(Dataset content begins)
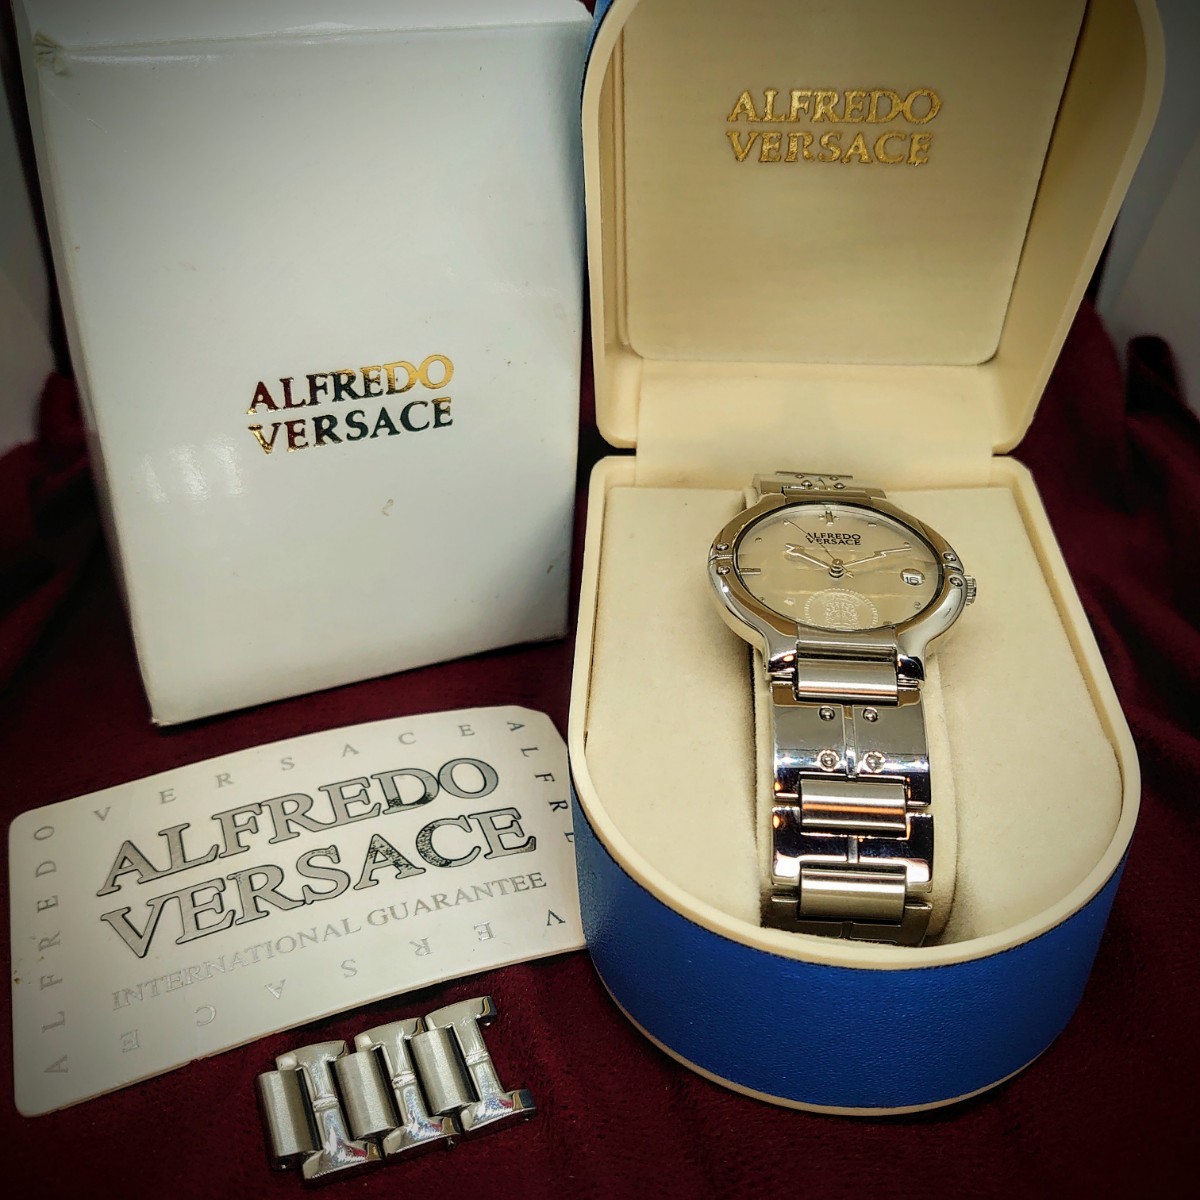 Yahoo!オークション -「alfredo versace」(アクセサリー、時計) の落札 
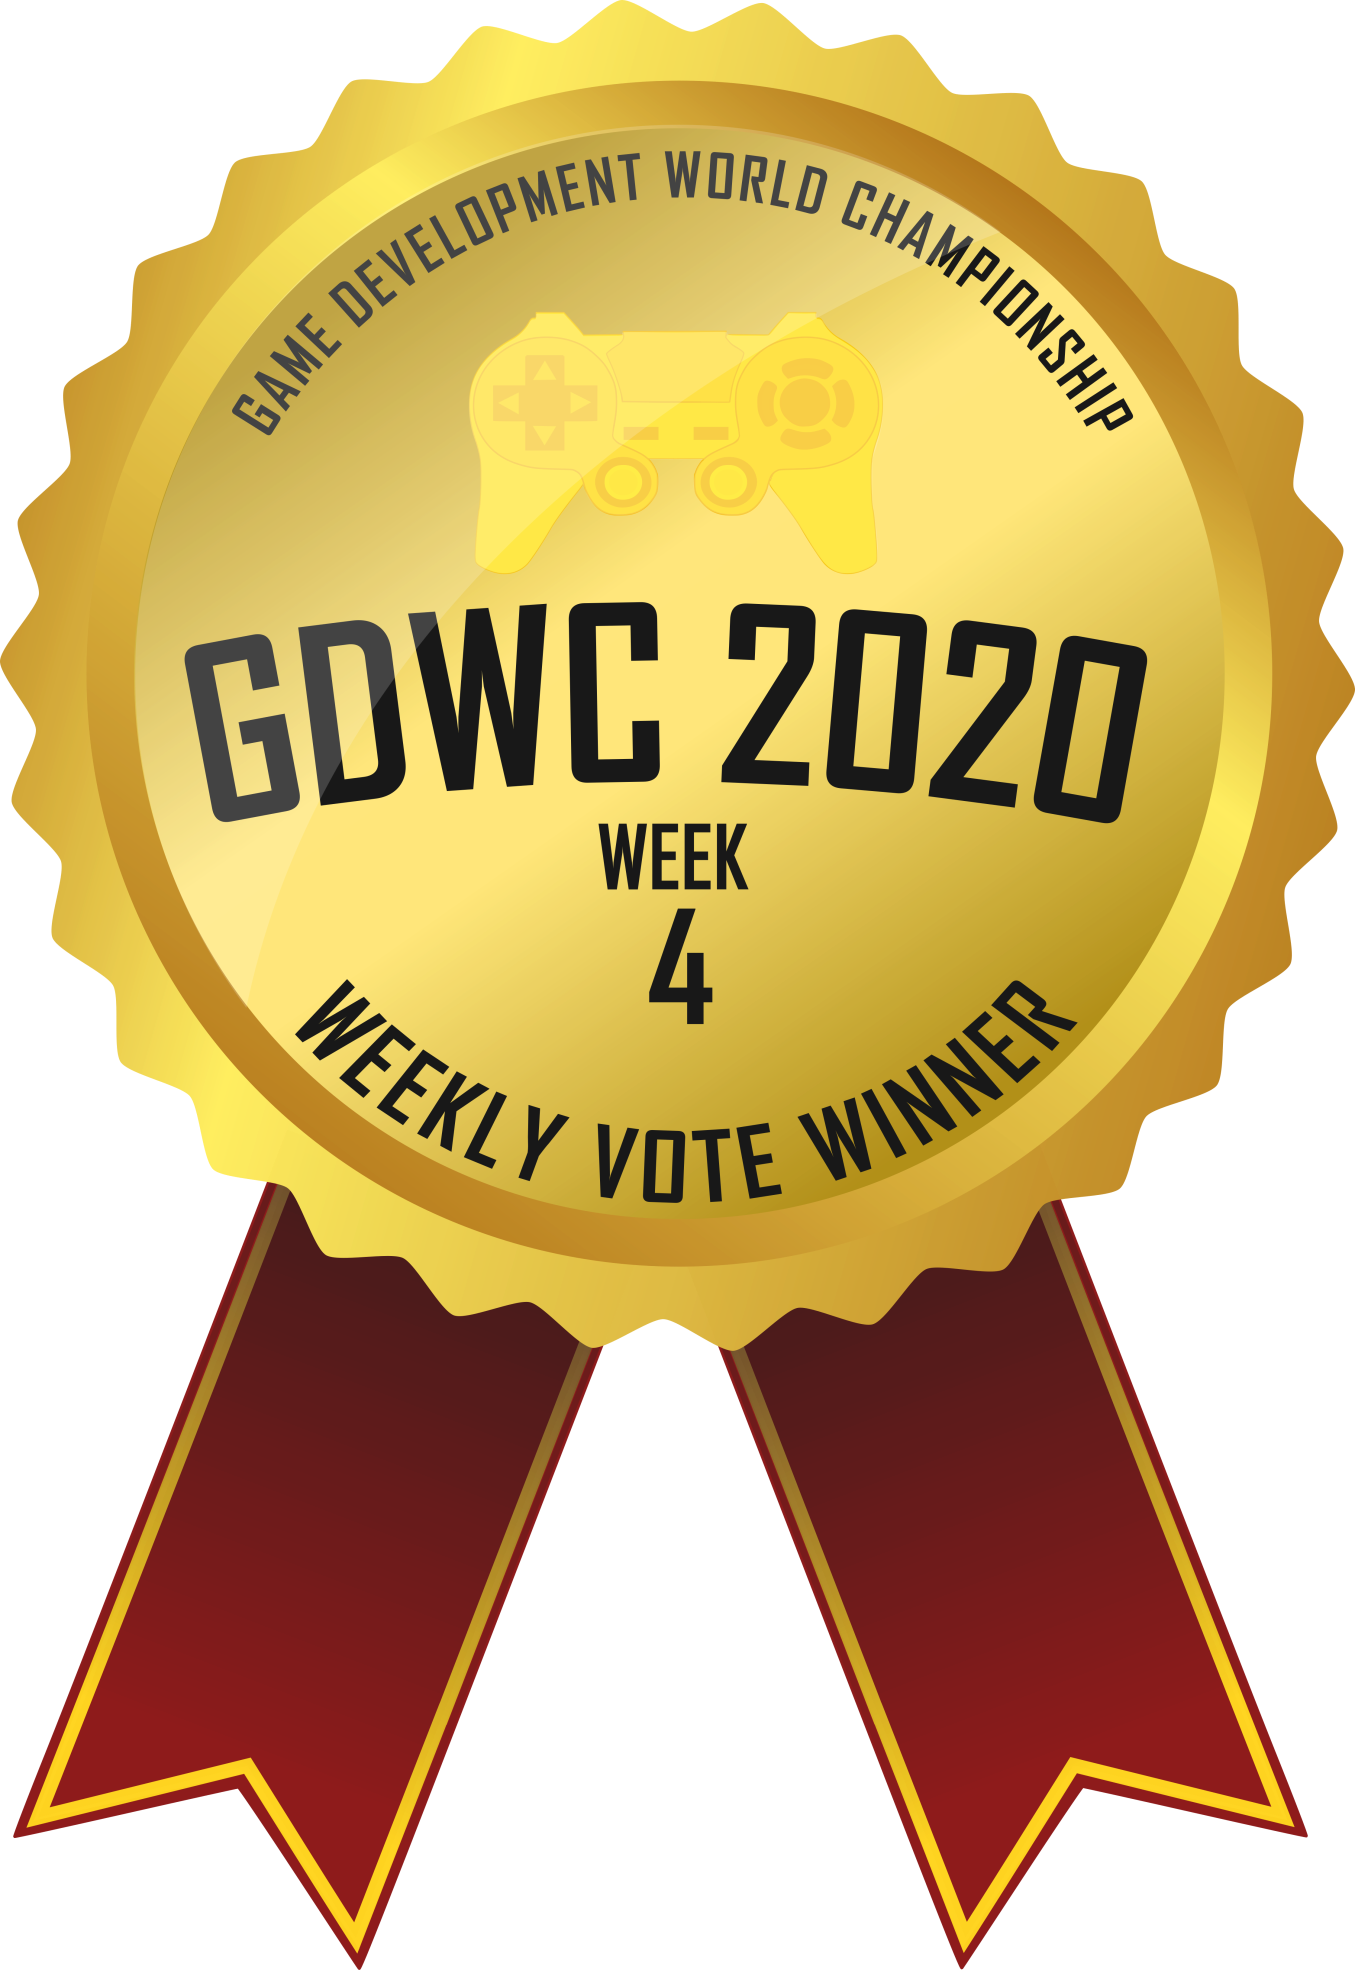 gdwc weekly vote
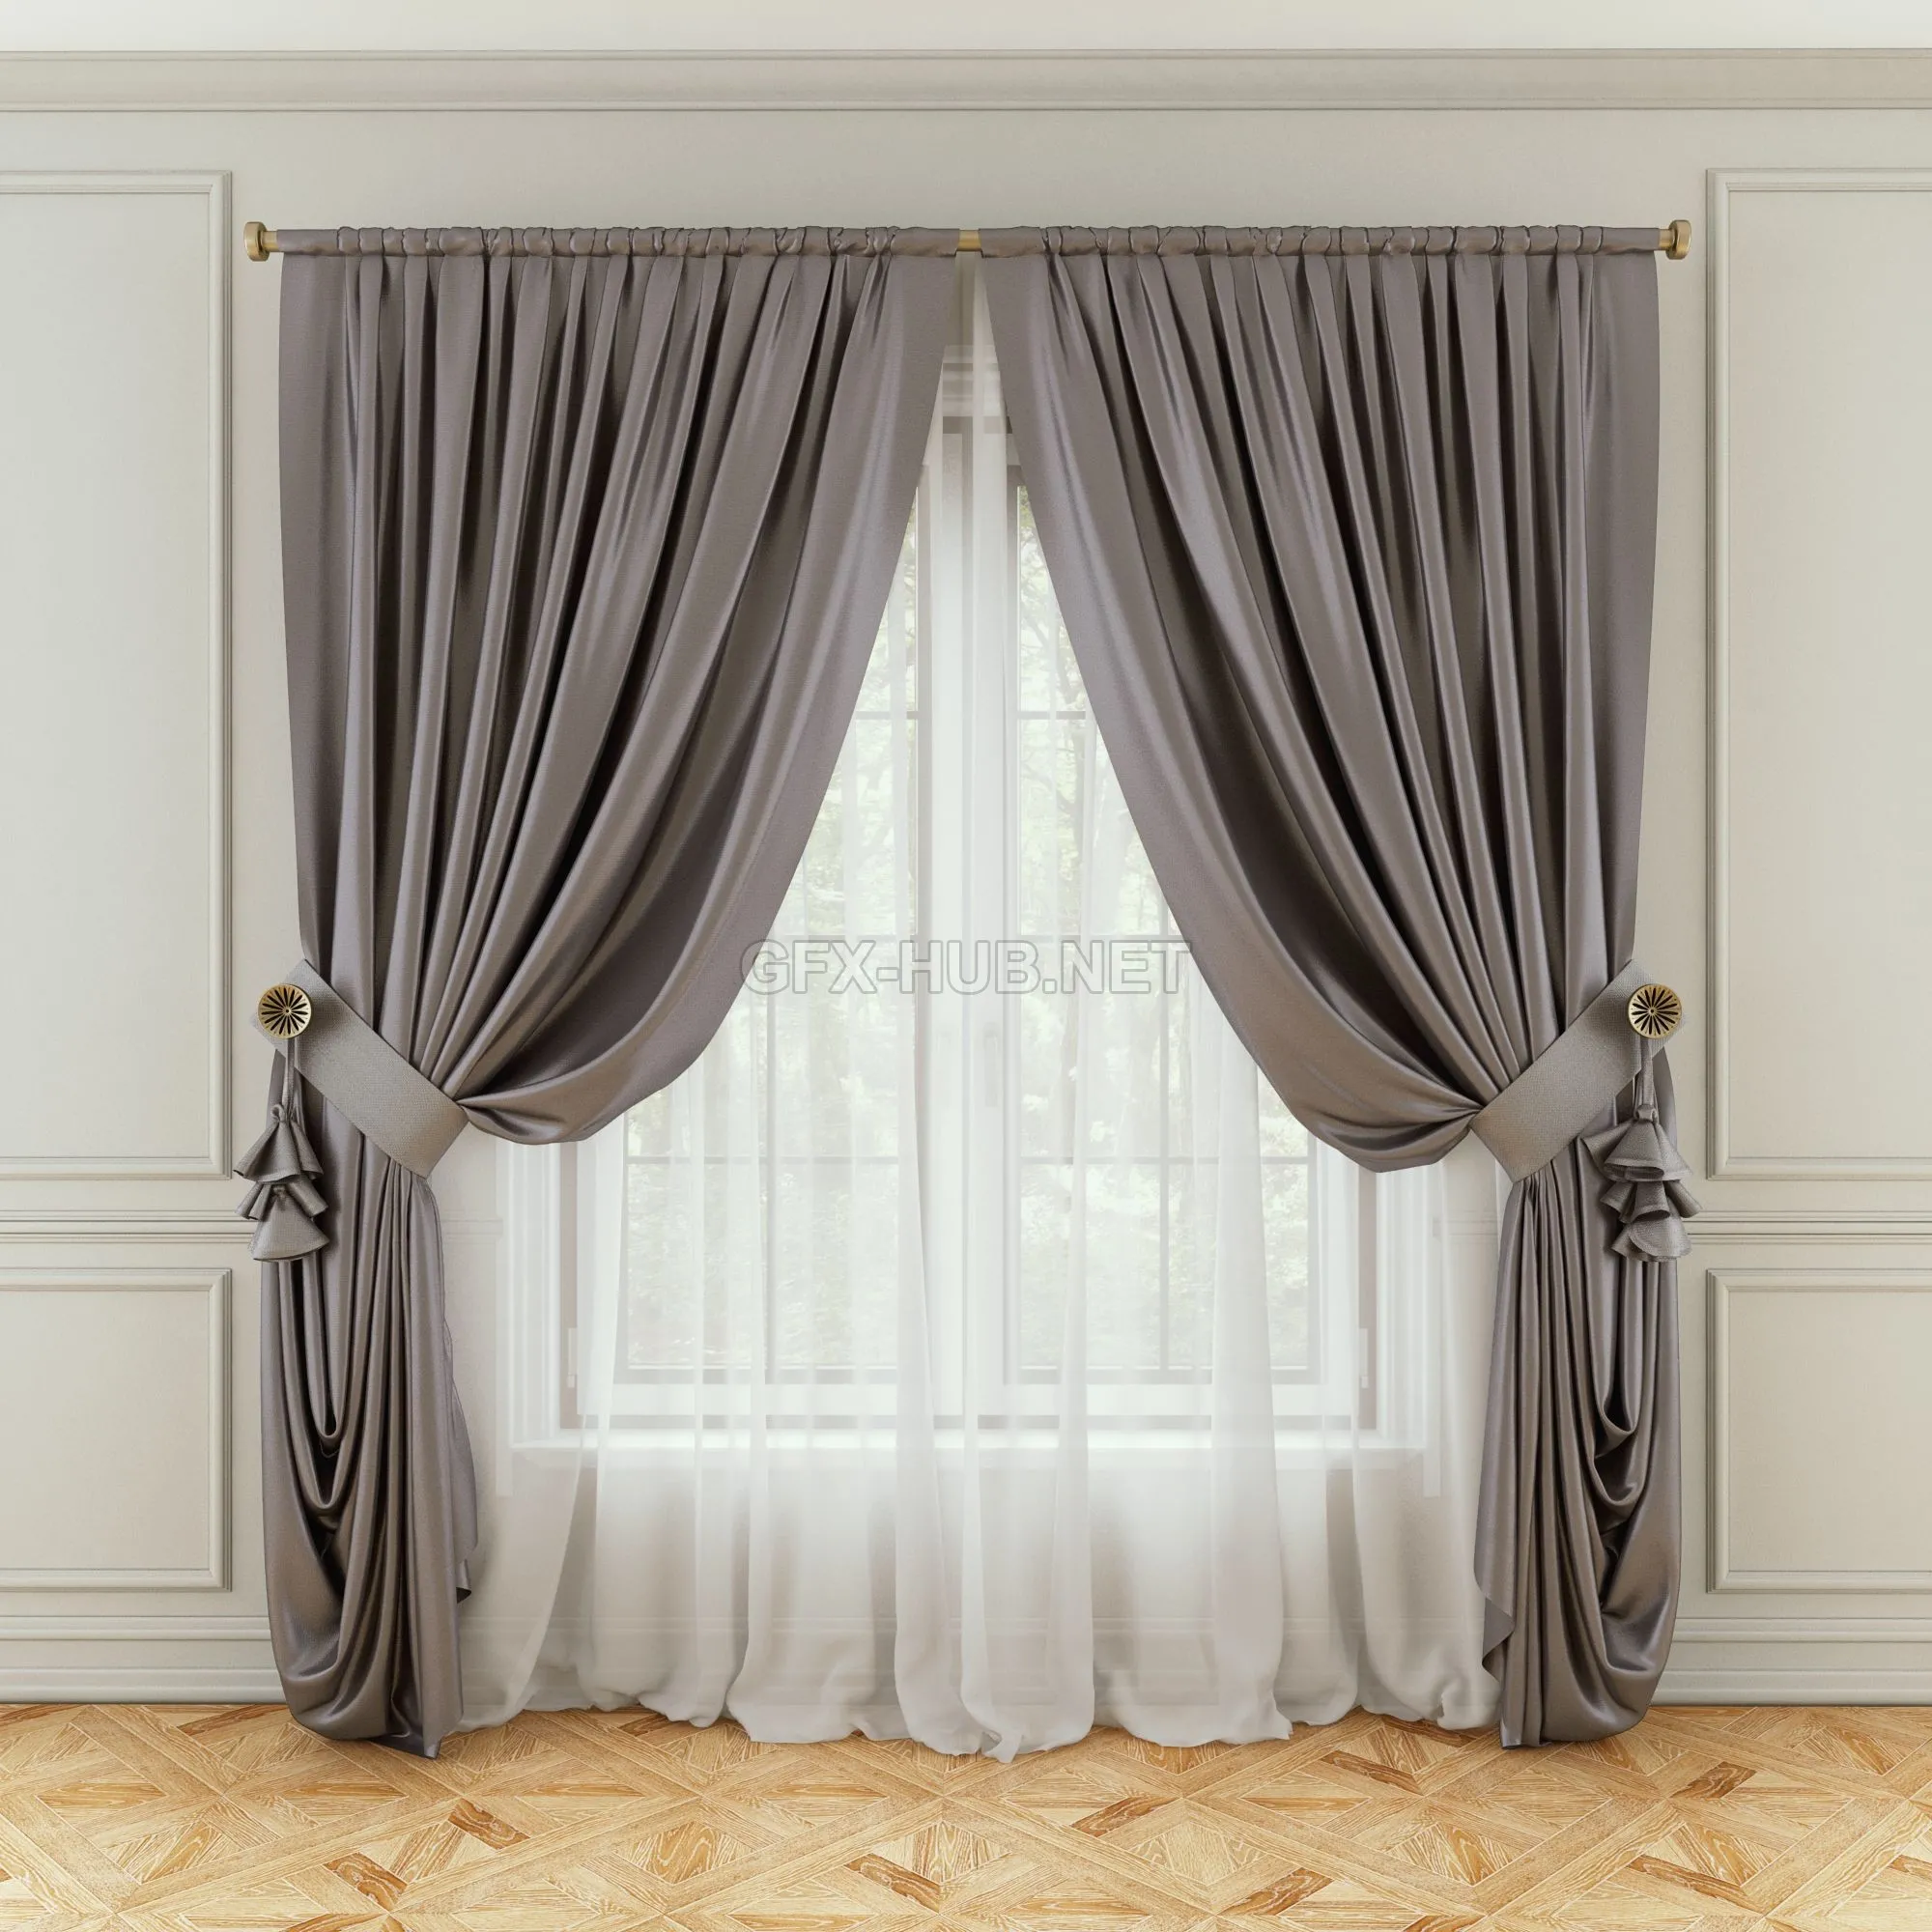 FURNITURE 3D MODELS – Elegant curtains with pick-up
(Dataset content ends)
Leaving the pictures out, output each line of the listing exactly.

 Yahoo!オークション -「alfredo versace」(アクセサリー、時計) の落札 
 gdwc weekly vote
 FURNITURE 3D MODELS – Elegant curtains with pick-up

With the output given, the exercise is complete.